As per the title really sad

I split from her dad when she was 20 months. She is now almost 15. Her dad was emotionally and physically abusive towards me, and has always tried to get one over on me by having no rules or boundaries at his house for DD. He pays a pittance each month in maintenance, but thinks for that that DD shouldn't have to do any chores in the house and that DD should be allowed to do as she pleases, whether that's telling DH and I to F**k off, staying up all night on the computer, or watching unsuitable films. He only sees her twice a month and has wanted no other involvement in her life, and sees everything else as 'my' job (although he is quick to have a go at me when he disagrees with my parenting). His family are the same as him.

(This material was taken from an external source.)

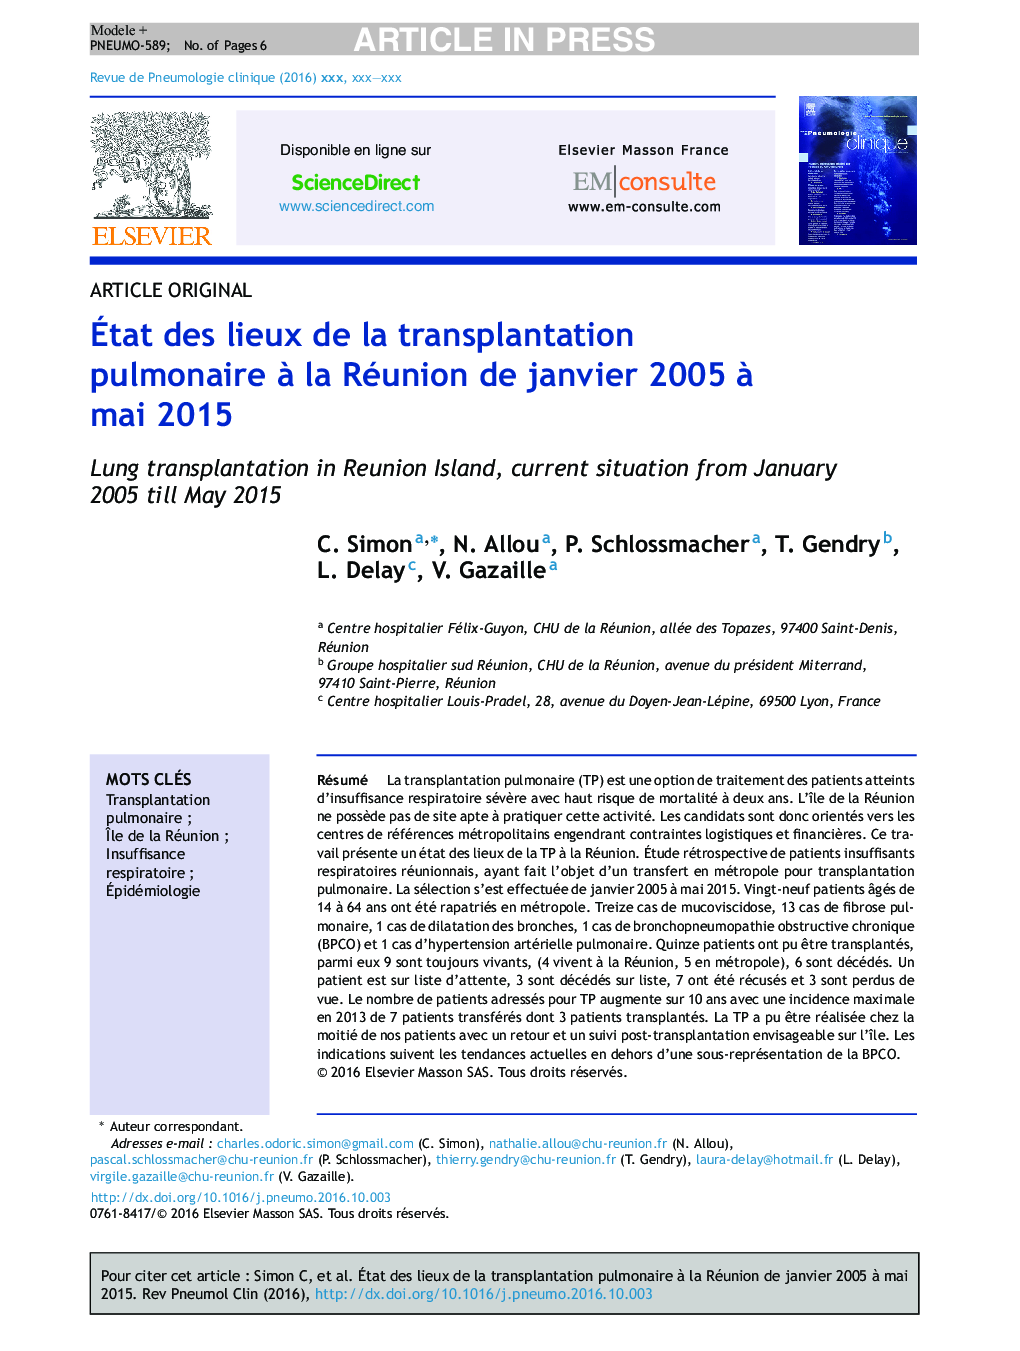 Ãtat des lieux de la transplantation pulmonaire Ã  la Réunion de janvier 2005Â Ã  mai 2015
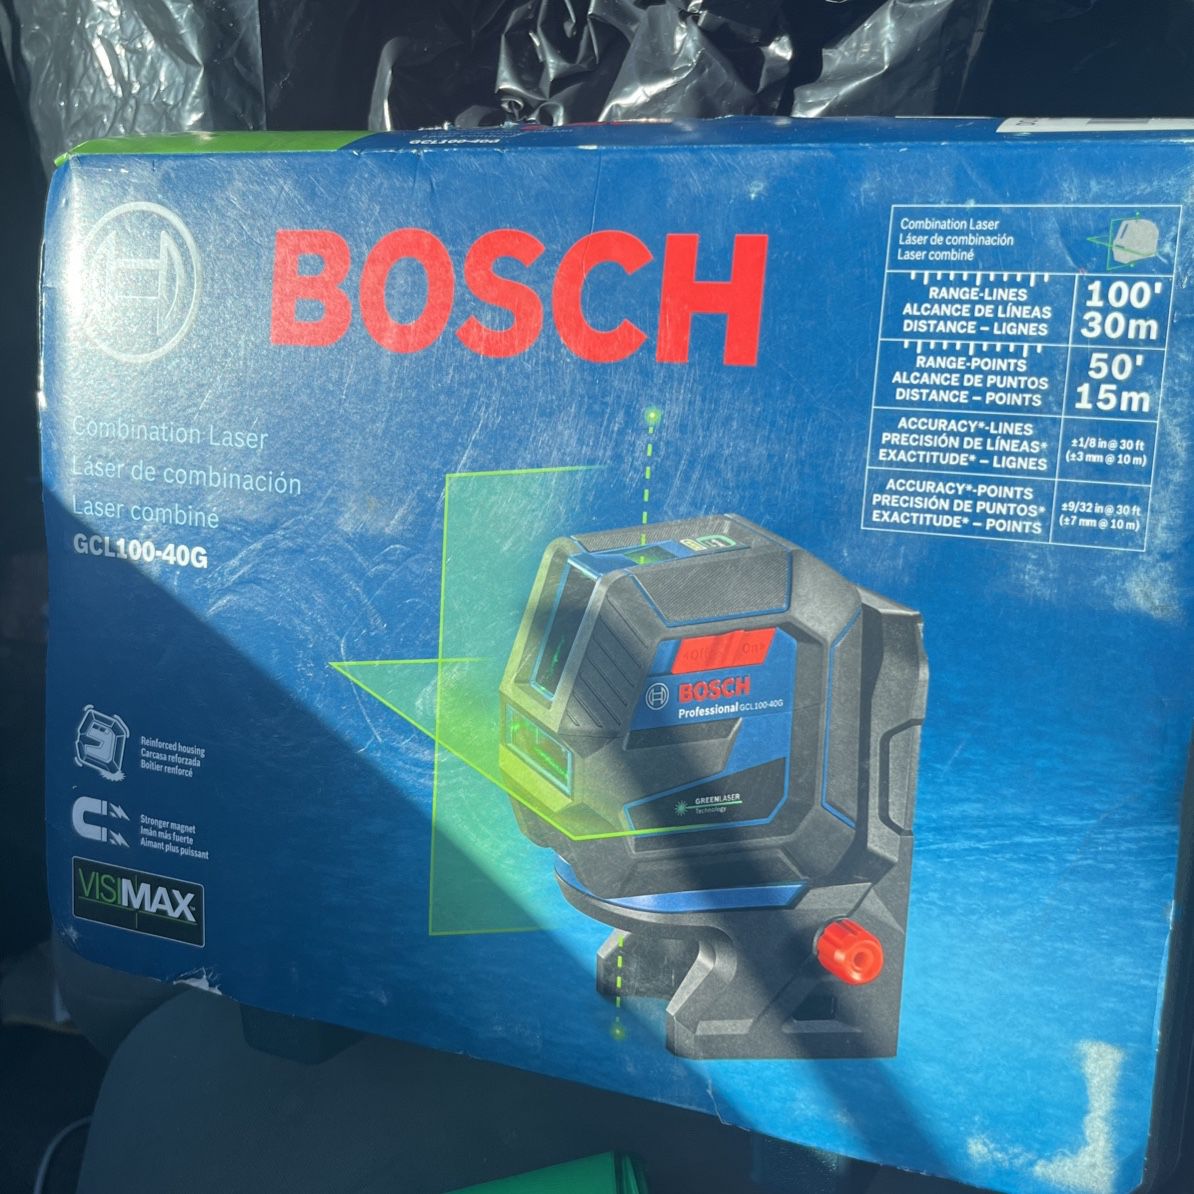 Bosch Laser New In Box

I met DH when DD was 3 and DH has been a fantastic dad to her. We have two other children who are aged 9 and 4. We are very liberal parents and aren't strict at all (although we do have rules and boundaries about the important things IMO). DD has a great life; she has lots materially, gets taken on holidays, lifts wherever and whenever she wants them, friends round whenever she wants etc. DD has quite a selfish personality, and tends to prefer whoever lets her do as she pleases. She hates doing chores in the house and hates any rules.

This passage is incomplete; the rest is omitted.